"What are you running away from?"
Questions like that always triggered an overwhelming sense of melancholia — she could never fathom the reason behind the sudden influx of emotions, it just happened. Slumped against the wall of some dingy alleyway with her head between her knees, she struggled to regulate her breathing; the sensation of a tightening chest made the whole process harder. Oh my god am I going to die like this? Too tight her chest was too tight and her lungs felt like they were on fire. Her vision was blurred by the tears in her eyes but she could see the stranger who had sprung the sudden inquisition.
Why was he still standing there? Her face buried in her small hands (cheeks were burning, they warmed her palms), the tears threatening to spill at any moment. What am I running from? The people, the crowds, everything. Hyorin could, for the most part, control herself. At least she pretended as I could — as though there was a switch or button that could just switch it off. Yet sometimes it was just unbearable. Suffocating. A darkness that consumed her brain which rendered her useless, unable to verbalize anything at all – unless she began to sob. That was the worse. She struggled to comprehend what was happening, or what had happened, to her for the twenty years of her life.
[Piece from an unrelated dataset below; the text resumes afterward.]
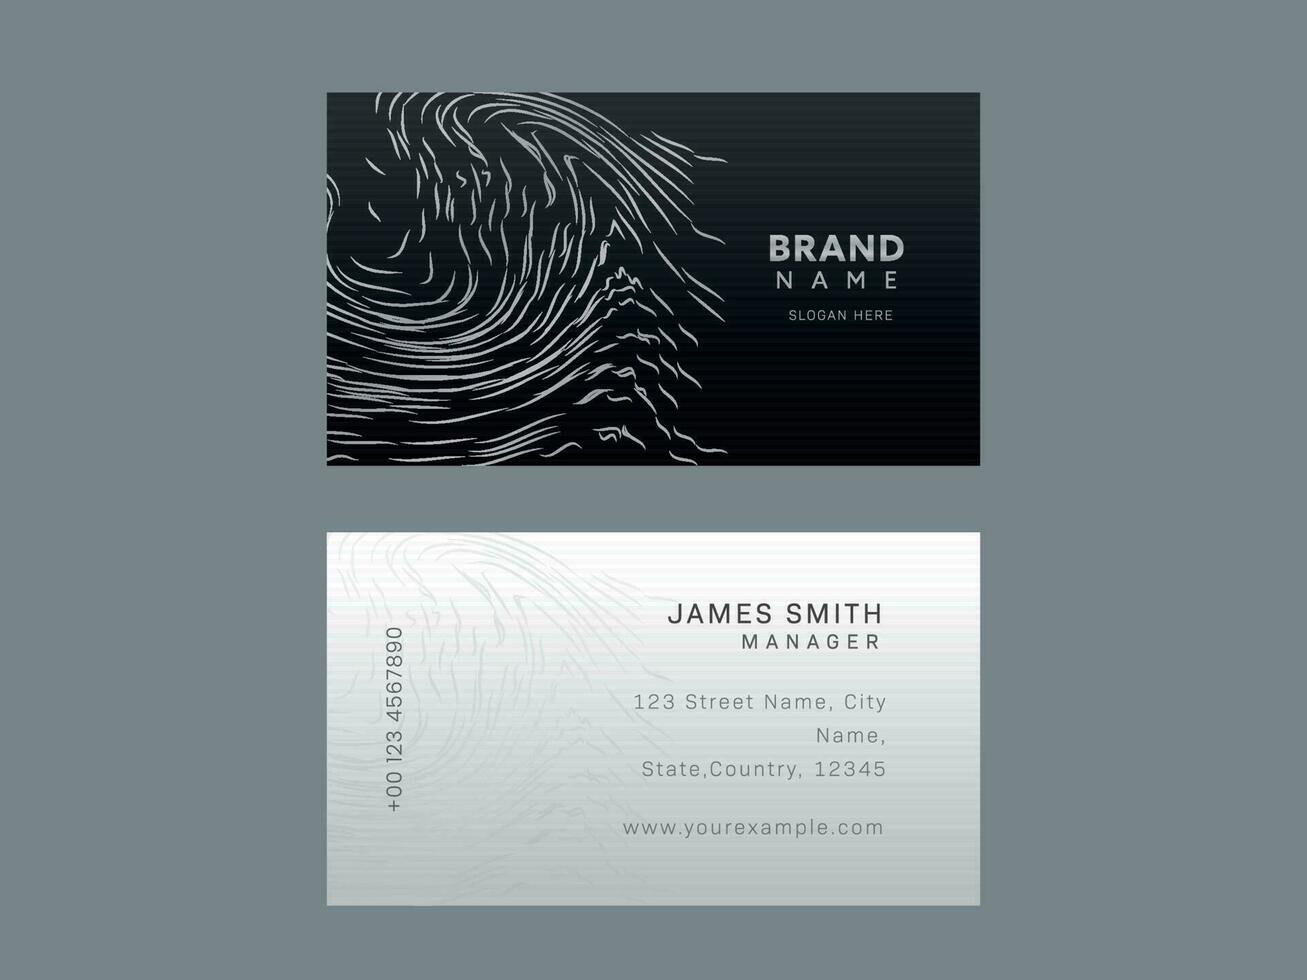 Horizontal Business Card Design In Black And White Color. vector

The only thing she understood was that it almost always felt as though she was on the brink of death.
Being questioned in the midst of a panic attack understandably worsened the situation. Here she was, freaking the fuck out about god knows what, when a hooded figure presented her with even more pain. It crossed her mind that this time she really was dying; he must have been the grim reaper or angel of death (or some sort of death-related entity.) Death itself didn’t frightened her, life did and so did the ‘afterlife’. She pulled her hands away from her face; her palms were wet with tears. It was only then that it hit her that she had been sobbing, no no, not sobbing – weeping (for how long? she couldn’t pinpoint an exact moment when the waterworks had started). They were uncontrollable and irrepressible and was entwined with a single word, repeated over and over in arbitrary intervals: “Everything. Everything. Everything. ” She was afraid of everything.